Role of endothelium and nitric oxide in histamine-induced responses in human cranial arteries and detection of mRNA encoding H1- and H2-receptors by RT-PCR
Version of Record online: 3 FEB 2009
1997 British Pharmacological Society
British Journal of Pharmacology
Volume 121, Issue 1, pages 41–48, May 1997
How to Cite
Jansen-Olesen, I., Ottosson, A., Cantera, L., Strunk, S., Hjorth Lassen, L., Olesen, J., Mortensen, A., Engel, U. and Edvinsson, L. (1997), Role of endothelium and nitric oxide in histamine-induced responses in human cranial arteries and detection of mRNA encoding H1- and H2-receptors by RT-PCR. British Journal of Pharmacology, 121: 41–48. doi: 10.1038/sj.bjp.0701097
- Issue online: 3 FEB 2009
- Version of Record online: 3 FEB 2009
- (Received December 19, 1996, Accepted January 27, 1997)
- Histamine receptors;
- human cranial arteries;
- vasomotor responses;
- nitric oxide;
- vascular smooth muscle
Histamine induces relaxation of human cranial arteries. Studies have revealed that the relaxant histamine H1-receptor predominates in human cerebral and the H2-receptor in temporal arteries, while H1- and H2-receptors are of equal importance in the middle meningeal artery. The purpose of the present study was to examine the role of the endothelium and nitric oxide in histamine-induced responses and to show the presence of mRNA encoding H1- and H2-receptors in human cranial arteries.
Electrophoresis of polymerase chain reaction (PCR) products from human cerebral, middle meningeal and temporal arteries, demonstrated products corresponding to mRNA encoding both H1- and H2-receptors in arteries with and without endothelium. The amplified PCR products were sequenced and showed 100% homology with the published sequences of these histamine receptors.
A sensitive in vitro system was used to study vasomotor responses to histamine. In precontracted cerebral, middle meningeal and temporal arteries with and without endothelium, histamine caused a concentration-dependent relaxation with Imax values between 87% and 81% and pIC50 values between 8.14 and 7.15. In arteries without endothelium the histamine-induced relaxation was significantly less potent (Imax values between 87% and 66% and pIC50 values between 7.01 and 6.67) than in cranial arteries with an intact endothelium.
The addition of histamine to arteries without endothelium and pretreated with the histamine H2-antagonist, cimetidine (10−5M), caused a concentration-dependent contraction of the cranial arteries with Emax values between 86% and 29% and pEC50 values between 7.53 and 6.77. This contraction was blocked by the histamine H1-receptor antagonist, mepyramine (10−7M), and even turned into a relaxation with Imax values between 84% and 14% and pIC50 values between 7.42 and 5.86.
The nitric oxide synthase inhibitor NG-nitro-L-arginine methyl ester (L-NAME, 3×10−5M) significantly inhibited the relaxant response to histamine in cerebral and temporal arteries (pIC50 values between 7.43 and 7.13).
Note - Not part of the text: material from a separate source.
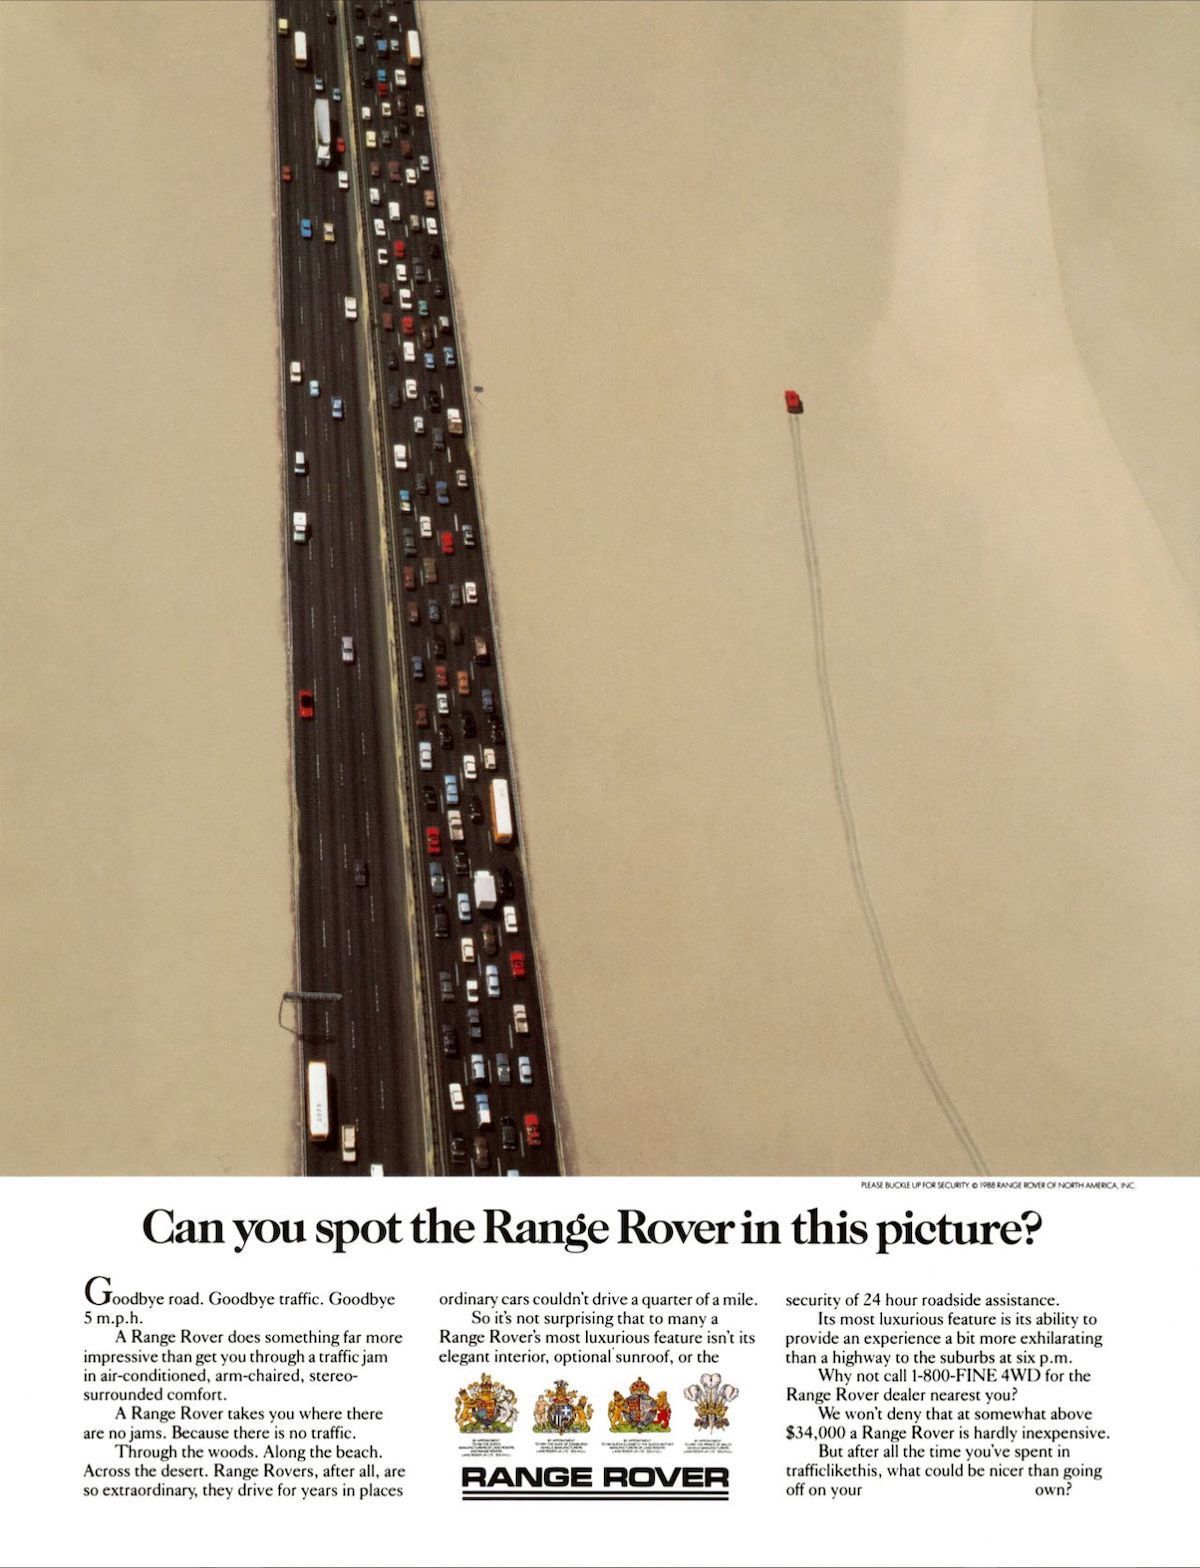 Creative Ads: Can you spot the Range Rover in this picture?

The combined treatment with L-NAME (3×10−5M) and cimetidine (10−5M) caused a further displacement of the concentration-response curve (pIC50 values between 7.14 and 6.57) and decreased the maximum relaxant responses in all three cranial arteries (Imax values between 62% and 39%).
In conclusion, this is the first study which show mRNA encoding histamine H1- and H2-receptors in human cranial arteries. The results indicate that histamine-induced relaxation of human cranial arteries is partially mediated via an endothelial H1-receptor coupled to the production of nitric oxide and partially via a H2-receptor associated with the smooth muscle cells. In addition, there is evidence for a contractile H1-receptor in the smooth muscle cells in these arteries.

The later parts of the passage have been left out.